# YOUR TASK
Write out the entries below exactly. End with the line that contains "Prestige Black /".

# SUPPLIED RECORDS
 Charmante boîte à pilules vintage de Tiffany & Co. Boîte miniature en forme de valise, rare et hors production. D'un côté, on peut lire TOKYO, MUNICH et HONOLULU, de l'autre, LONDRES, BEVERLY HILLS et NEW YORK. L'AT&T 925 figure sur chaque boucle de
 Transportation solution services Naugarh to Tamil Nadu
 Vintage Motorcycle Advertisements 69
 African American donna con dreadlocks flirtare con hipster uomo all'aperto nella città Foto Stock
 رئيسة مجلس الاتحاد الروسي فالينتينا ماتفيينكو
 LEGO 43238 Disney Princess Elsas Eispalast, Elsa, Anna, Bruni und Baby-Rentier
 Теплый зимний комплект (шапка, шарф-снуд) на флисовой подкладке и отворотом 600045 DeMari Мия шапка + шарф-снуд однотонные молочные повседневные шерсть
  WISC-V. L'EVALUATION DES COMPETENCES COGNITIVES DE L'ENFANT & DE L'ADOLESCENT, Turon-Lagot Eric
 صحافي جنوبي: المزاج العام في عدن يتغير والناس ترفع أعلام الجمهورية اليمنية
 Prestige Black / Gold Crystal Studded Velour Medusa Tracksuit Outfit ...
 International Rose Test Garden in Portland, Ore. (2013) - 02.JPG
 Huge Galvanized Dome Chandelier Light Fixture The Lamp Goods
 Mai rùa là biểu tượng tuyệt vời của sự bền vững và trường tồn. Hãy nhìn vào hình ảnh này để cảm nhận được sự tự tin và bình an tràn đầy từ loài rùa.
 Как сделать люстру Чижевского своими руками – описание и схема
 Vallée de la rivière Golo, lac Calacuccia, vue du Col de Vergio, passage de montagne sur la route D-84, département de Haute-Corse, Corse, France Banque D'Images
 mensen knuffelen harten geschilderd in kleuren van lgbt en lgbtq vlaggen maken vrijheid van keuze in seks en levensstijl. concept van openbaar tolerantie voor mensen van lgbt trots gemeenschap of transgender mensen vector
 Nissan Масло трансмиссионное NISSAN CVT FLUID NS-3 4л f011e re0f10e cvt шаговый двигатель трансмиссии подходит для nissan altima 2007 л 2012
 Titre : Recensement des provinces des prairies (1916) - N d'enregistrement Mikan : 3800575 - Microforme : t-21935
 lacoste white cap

# RESULT FOR THIS TASK
 Charmante boîte à pilules vintage de Tiffany & Co. Boîte miniature en forme de valise, rare et hors production. D'un côté, on peut lire TOKYO, MUNICH et HONOLULU, de l'autre, LONDRES, BEVERLY HILLS et NEW YORK. L'AT&T 925 figure sur chaque boucle de
 Transportation solution services Naugarh to Tamil Nadu
 Vintage Motorcycle Advertisements 69
 African American donna con dreadlocks flirtare con hipster uomo all'aperto nella città Foto Stock
 رئيسة مجلس الاتحاد الروسي فالينتينا ماتفيينكو
 LEGO 43238 Disney Princess Elsas Eispalast, Elsa, Anna, Bruni und Baby-Rentier
 Теплый зимний комплект (шапка, шарф-снуд) на флисовой подкладке и отворотом 600045 DeMari Мия шапка + шарф-снуд однотонные молочные повседневные шерсть
  WISC-V. L'EVALUATION DES COMPETENCES COGNITIVES DE L'ENFANT & DE L'ADOLESCENT, Turon-Lagot Eric
 صحافي جنوبي: المزاج العام في عدن يتغير والناس ترفع أعلام الجمهورية اليمنية
 Prestige Black / Gold Crystal Studded Velour Medusa Tracksuit Outfit ...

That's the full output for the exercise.